What is required:
Once you reach the line with "Drawing Regular Polygons" in the material below, copy each line exactly up to and including the line with "Coloring Pages Of A Girl Playing With Sand", and skip the pictures.
Record excerpts Block Start
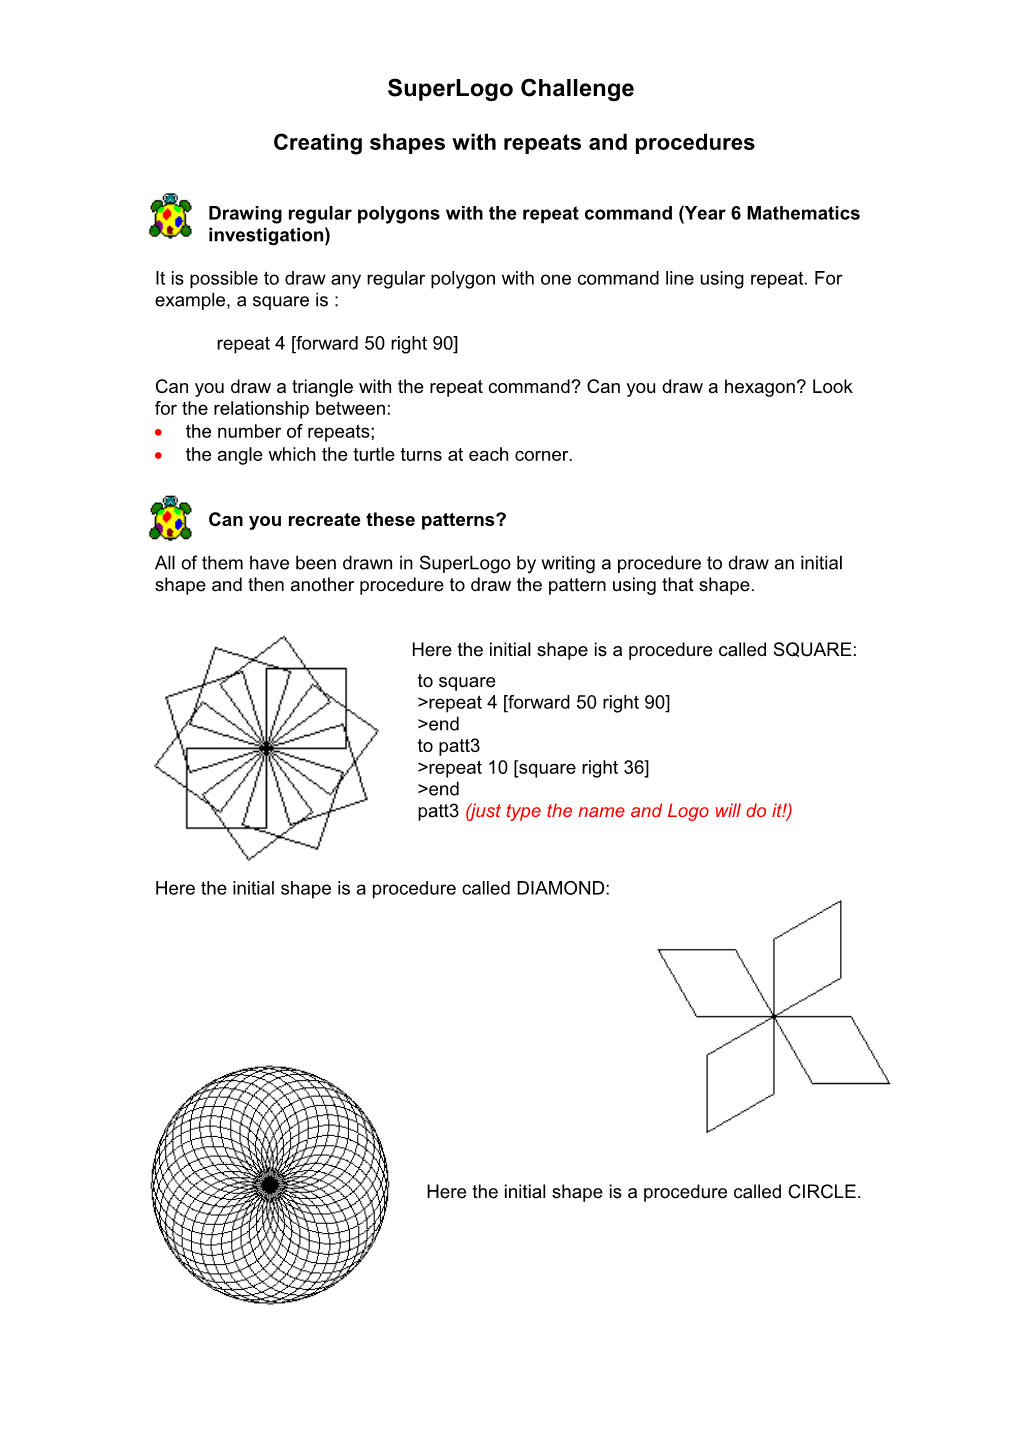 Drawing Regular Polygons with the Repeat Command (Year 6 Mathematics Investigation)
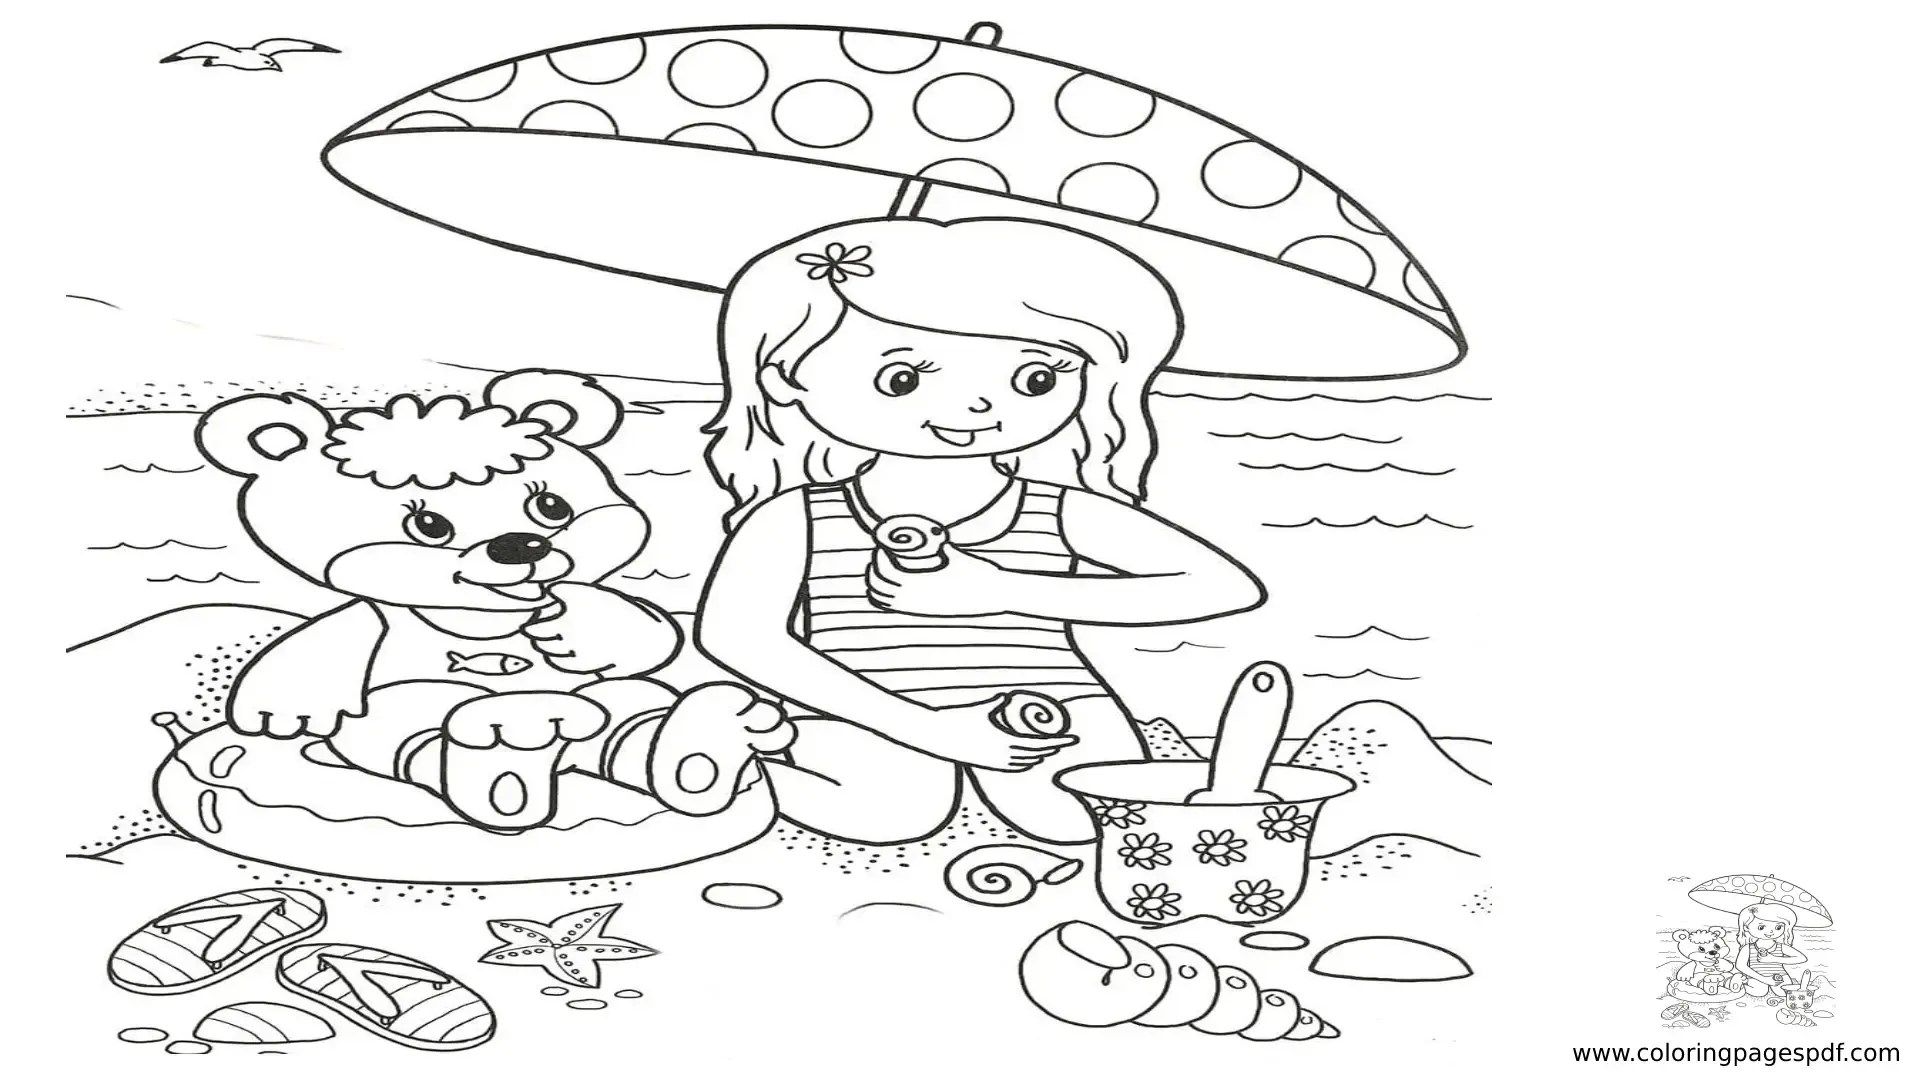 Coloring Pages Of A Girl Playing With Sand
Record excerpts Block End
Record excerpts Block Start
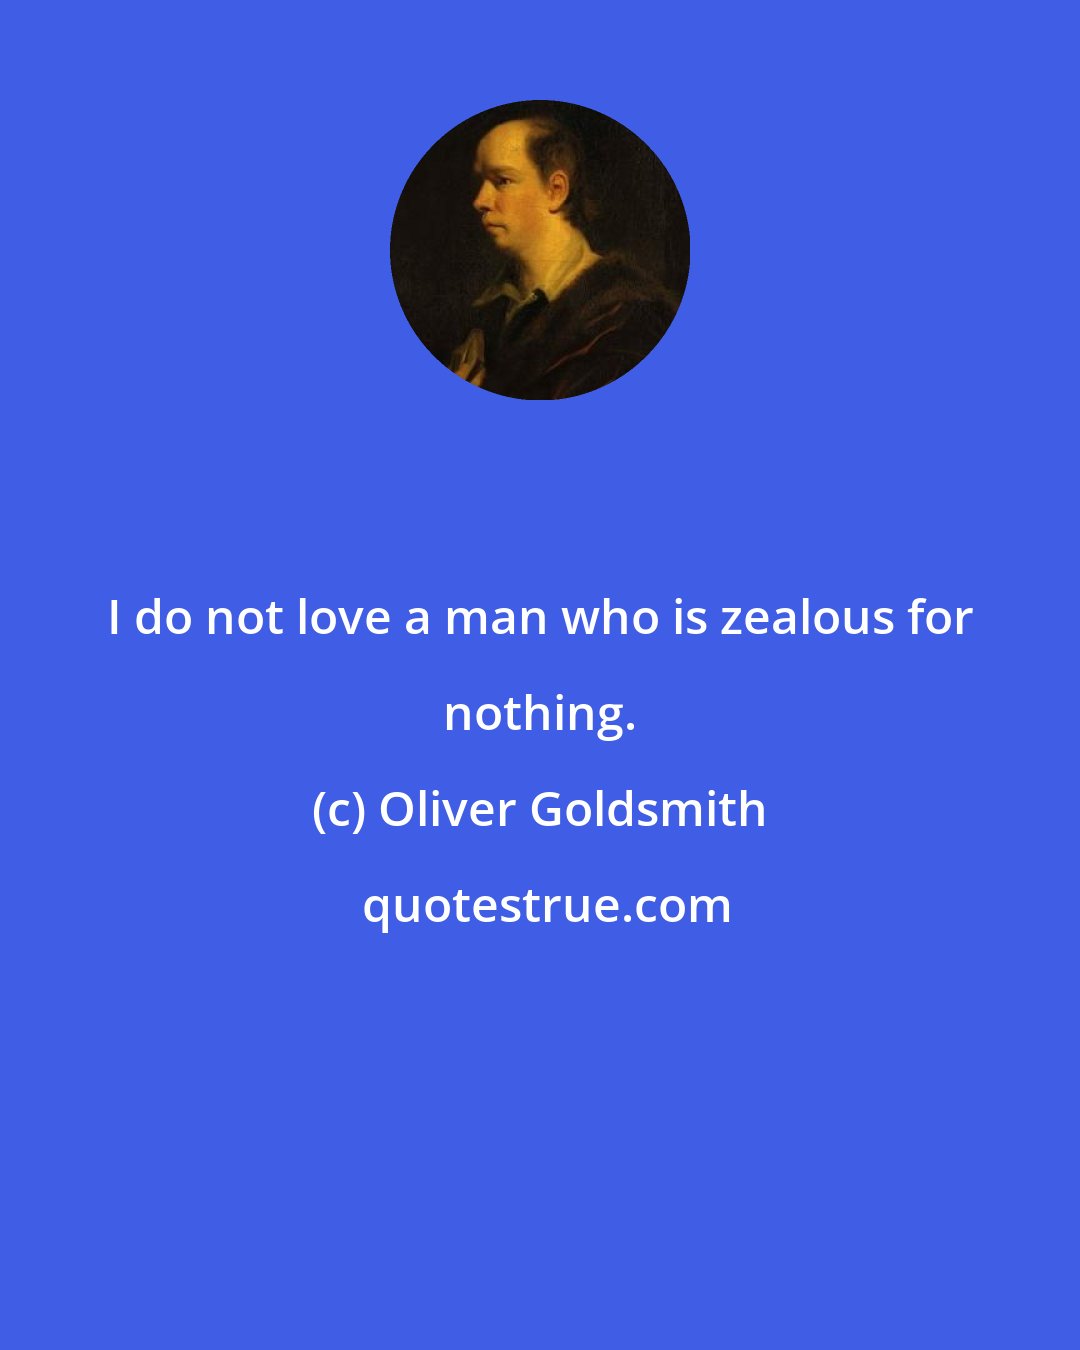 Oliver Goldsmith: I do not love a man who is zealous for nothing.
Record excerpts Block End
Answer space:
 Drawing Regular Polygons with the Repeat Command (Year 6 Mathematics Investigation)
 Coloring Pages Of A Girl Playing With Sand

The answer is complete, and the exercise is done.